What is required: The task calls for an exact retyping of the lines from the one holding "2019 Mitsubishi GMS Teaser 1" through the end of the listing, with pictures omitted and nothing added.

Data extract:
▼
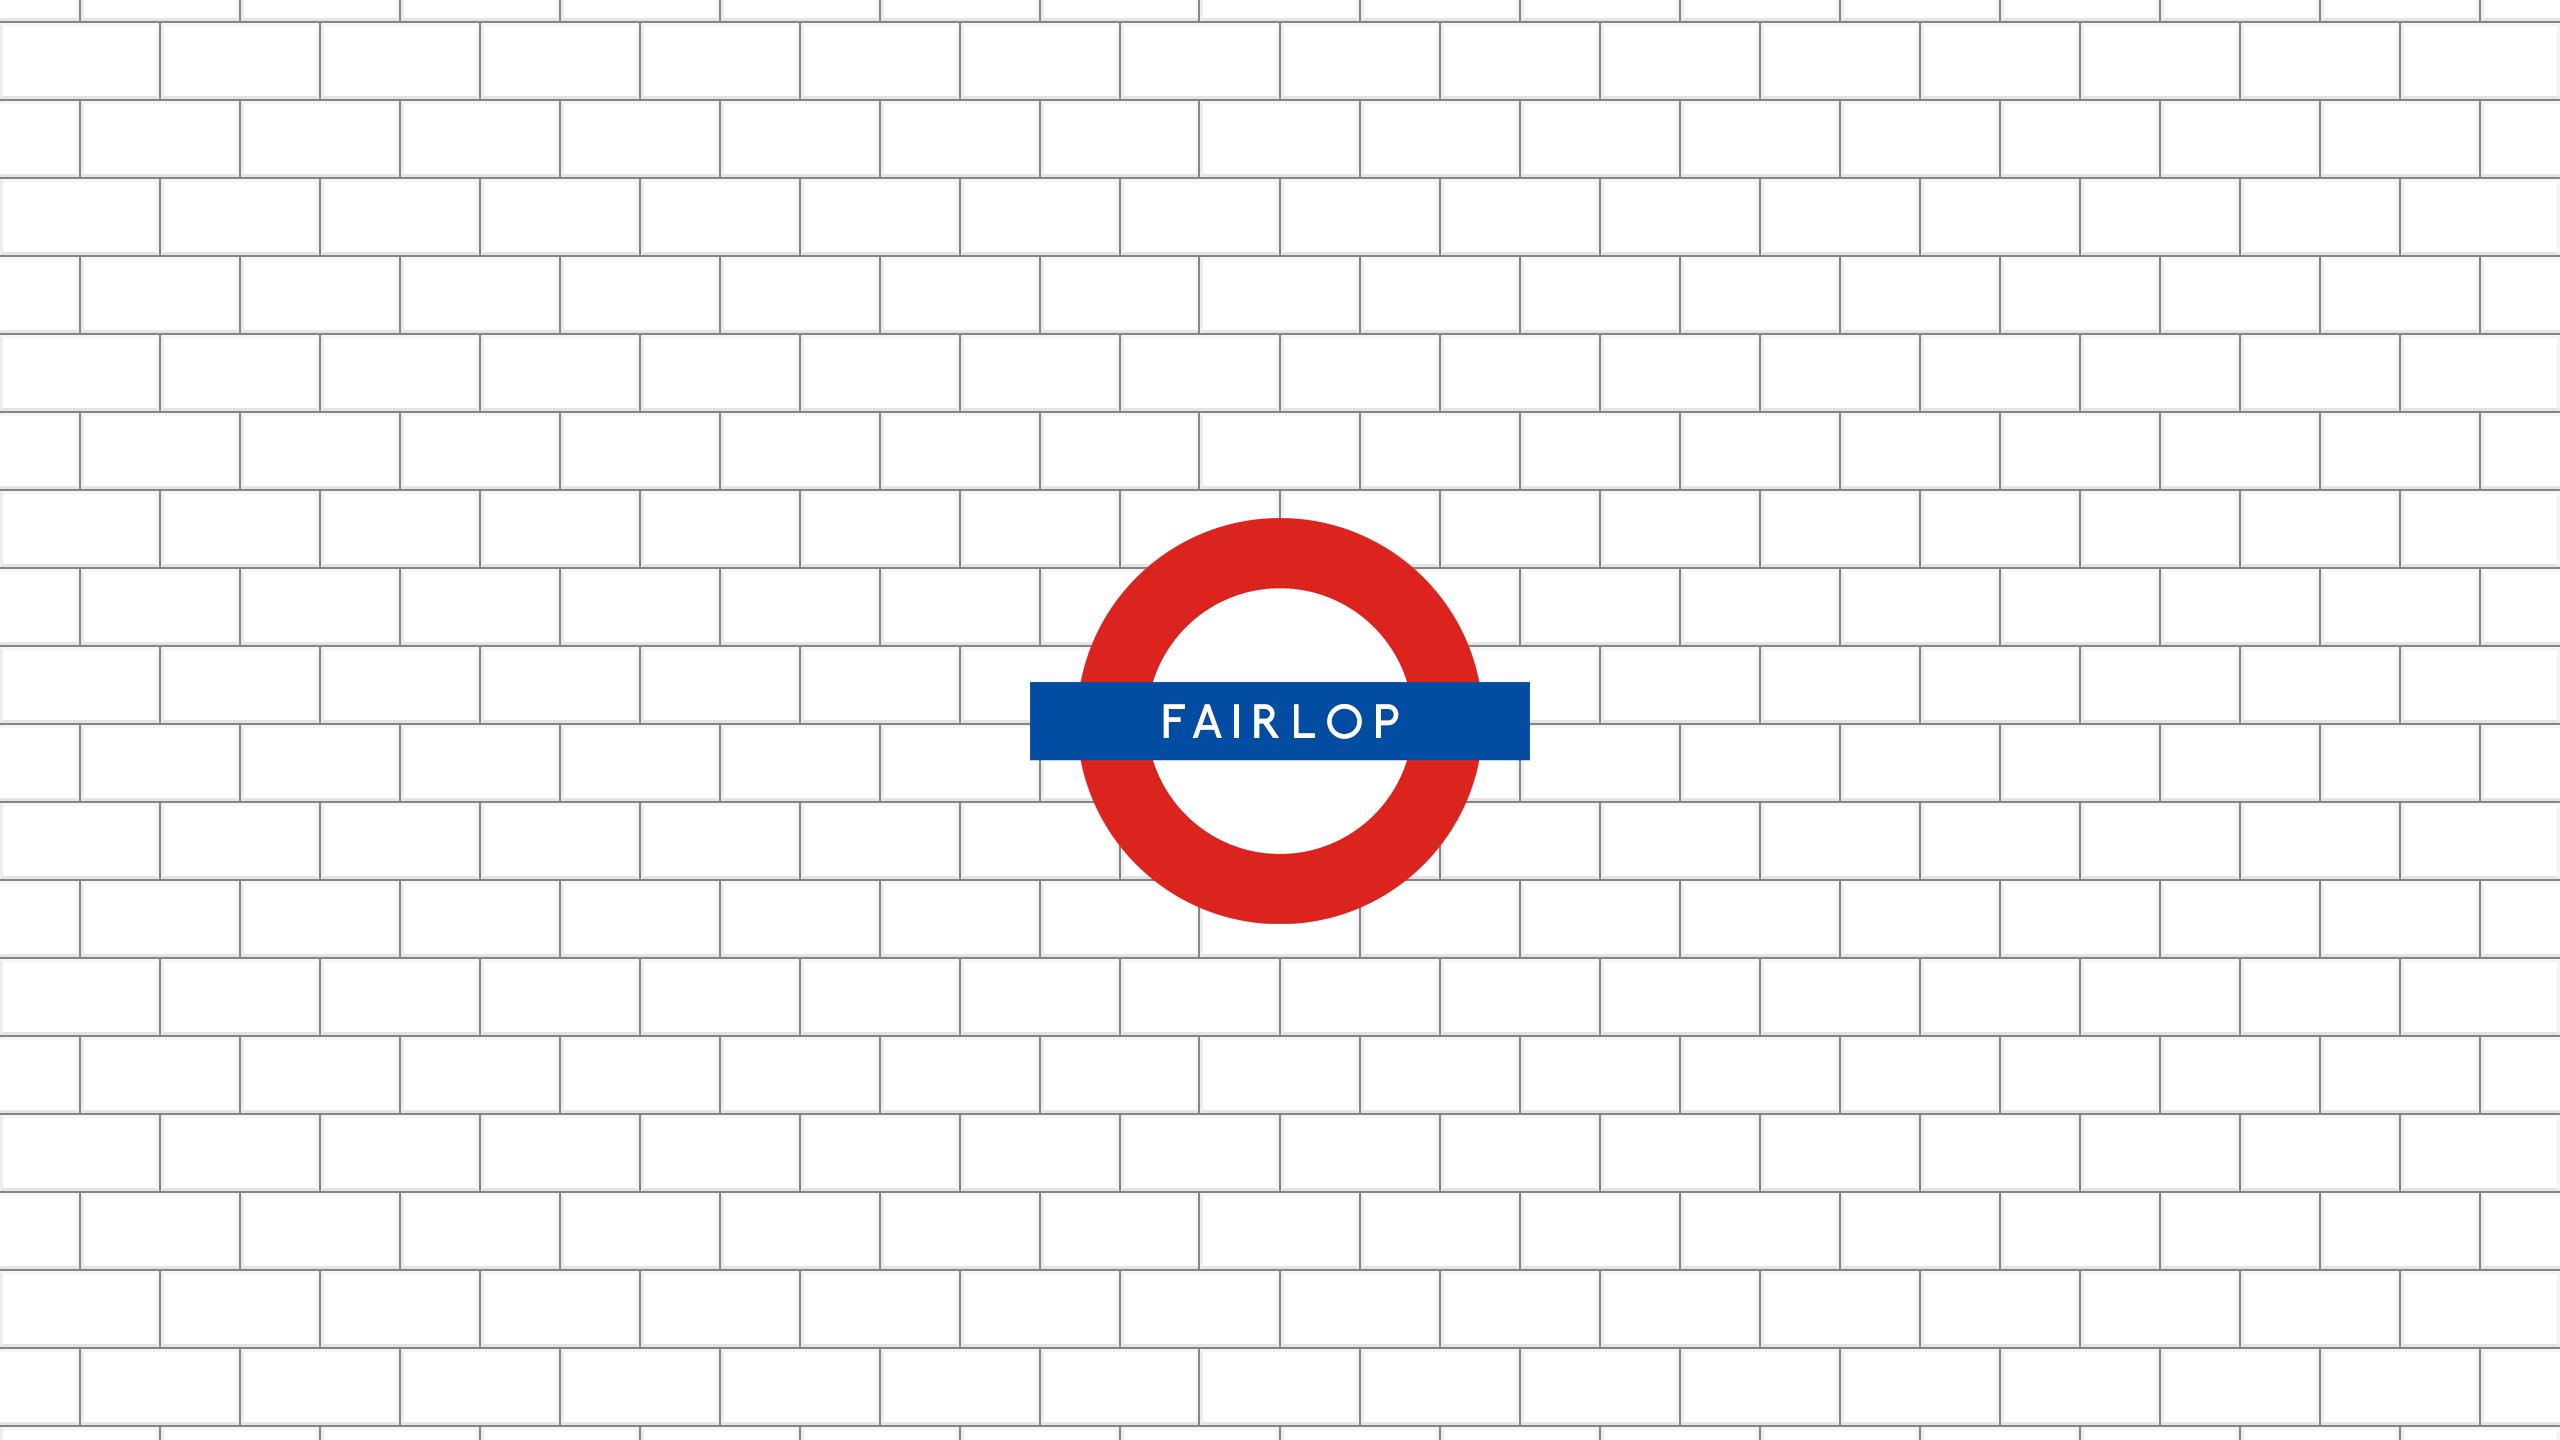 Fairlop
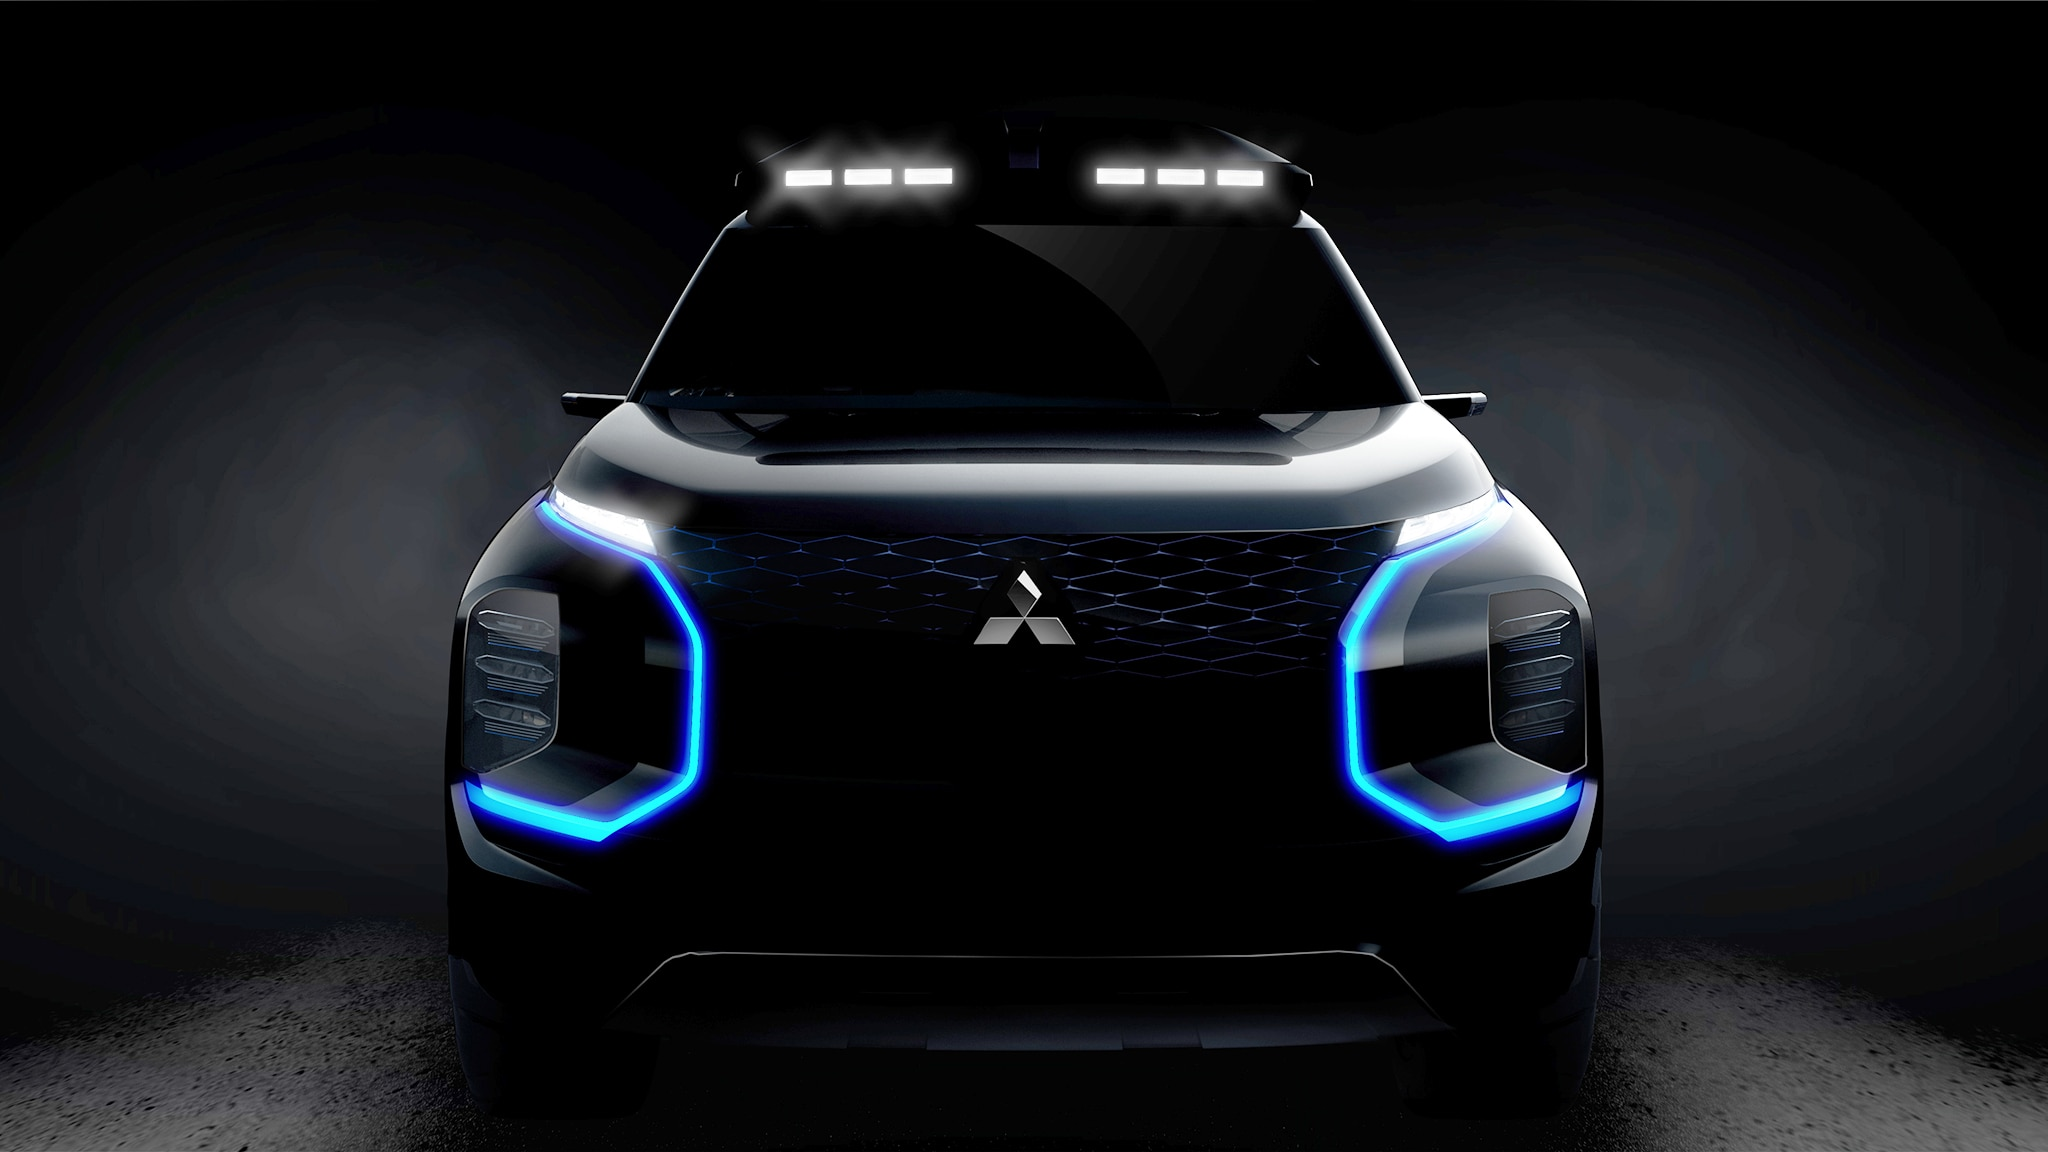 2019 Mitsubishi GMS Teaser 1
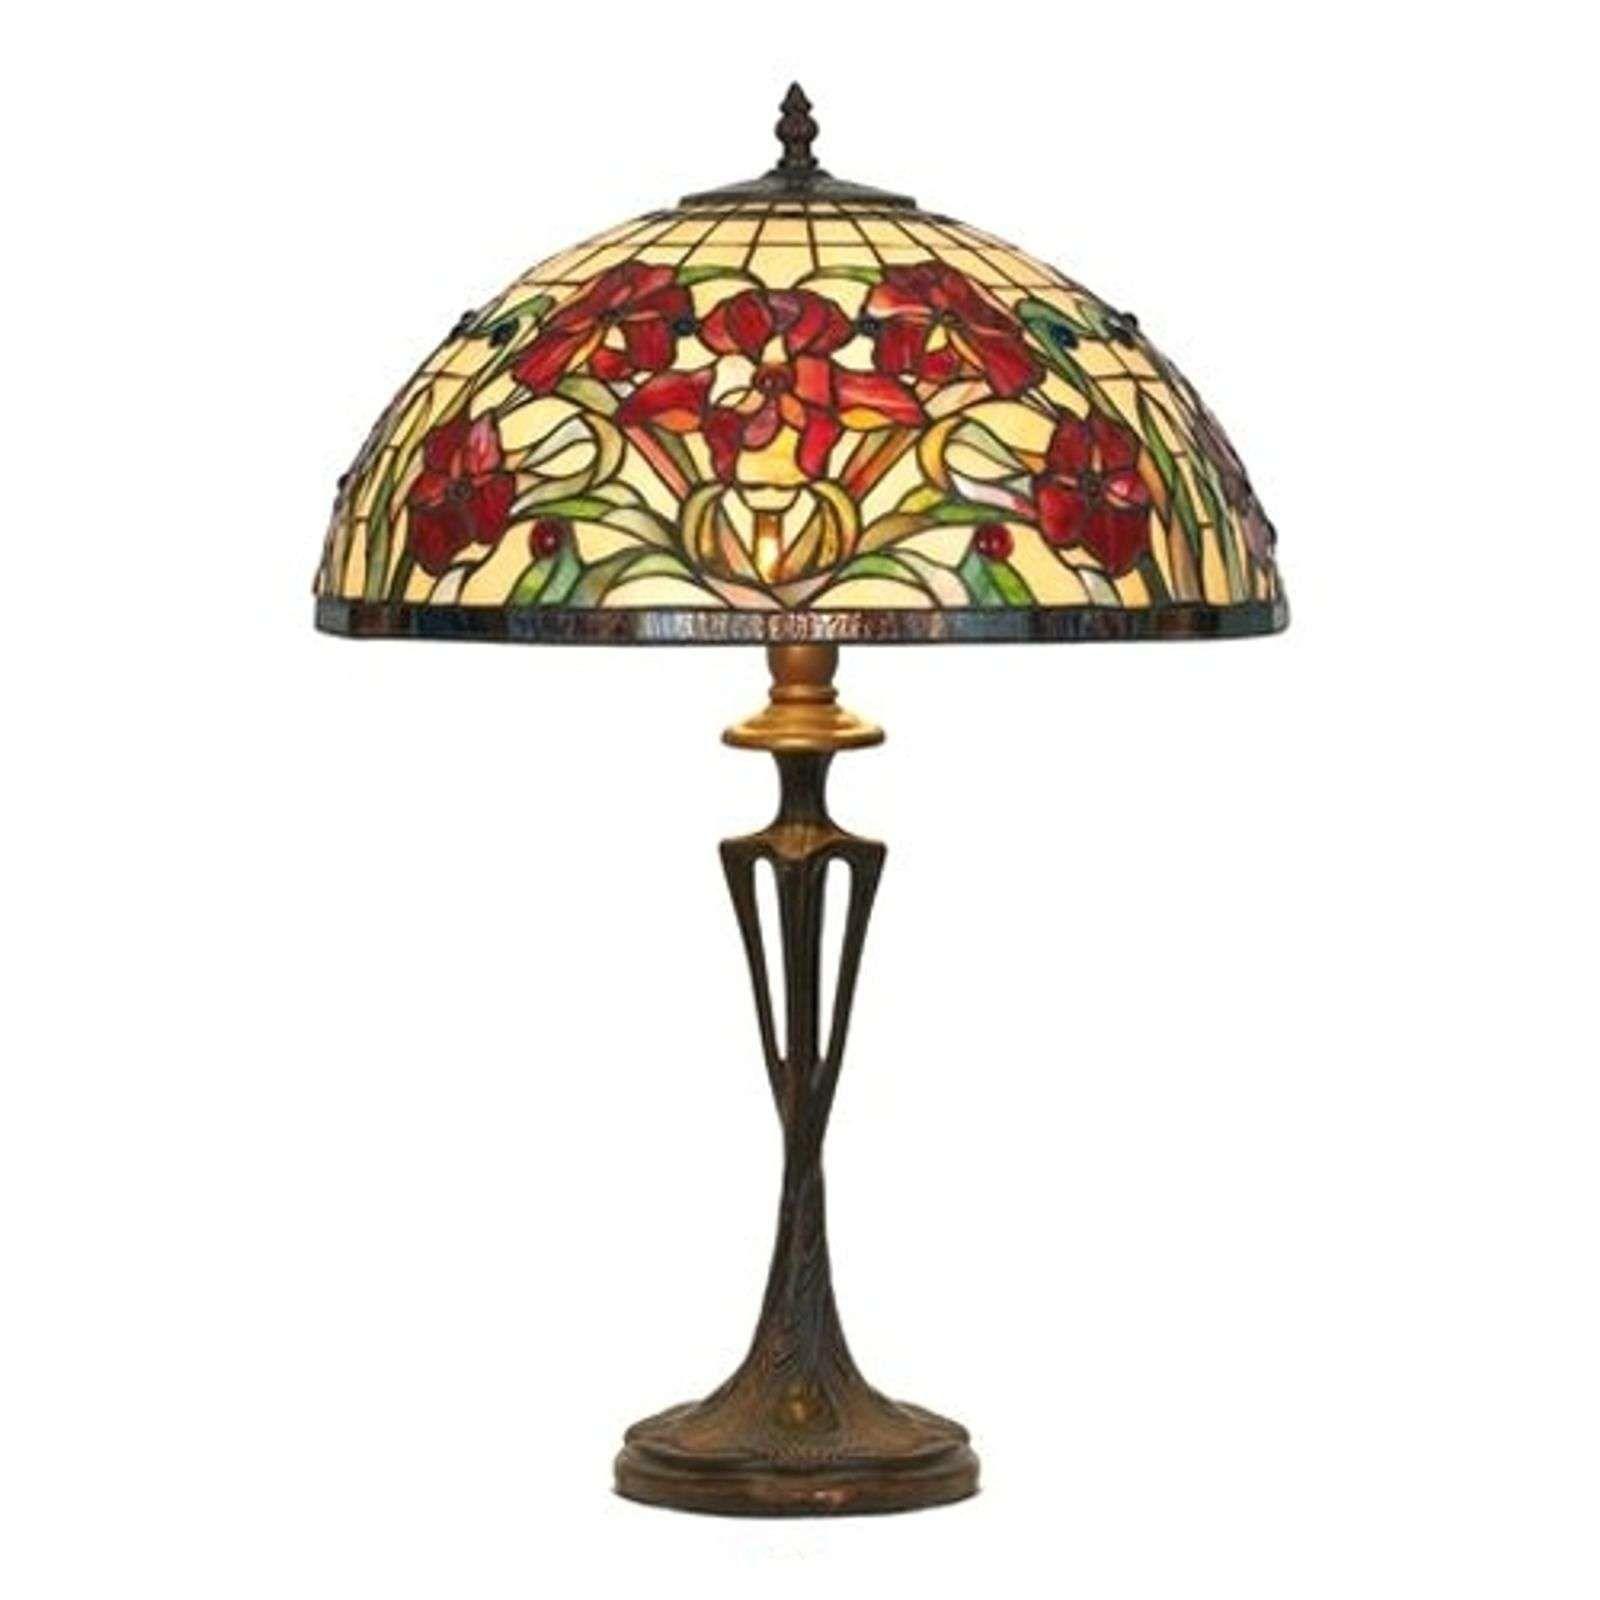 Tischleuchte Eline Im Tiffany Stil En 2020 Lampes De Table Luminaire Lampe A Poser
▲
Written response:
 2019 Mitsubishi GMS Teaser 1
 Tischleuchte Eline Im Tiffany Stil En 2020 Lampes De Table Luminaire Lampe A Poser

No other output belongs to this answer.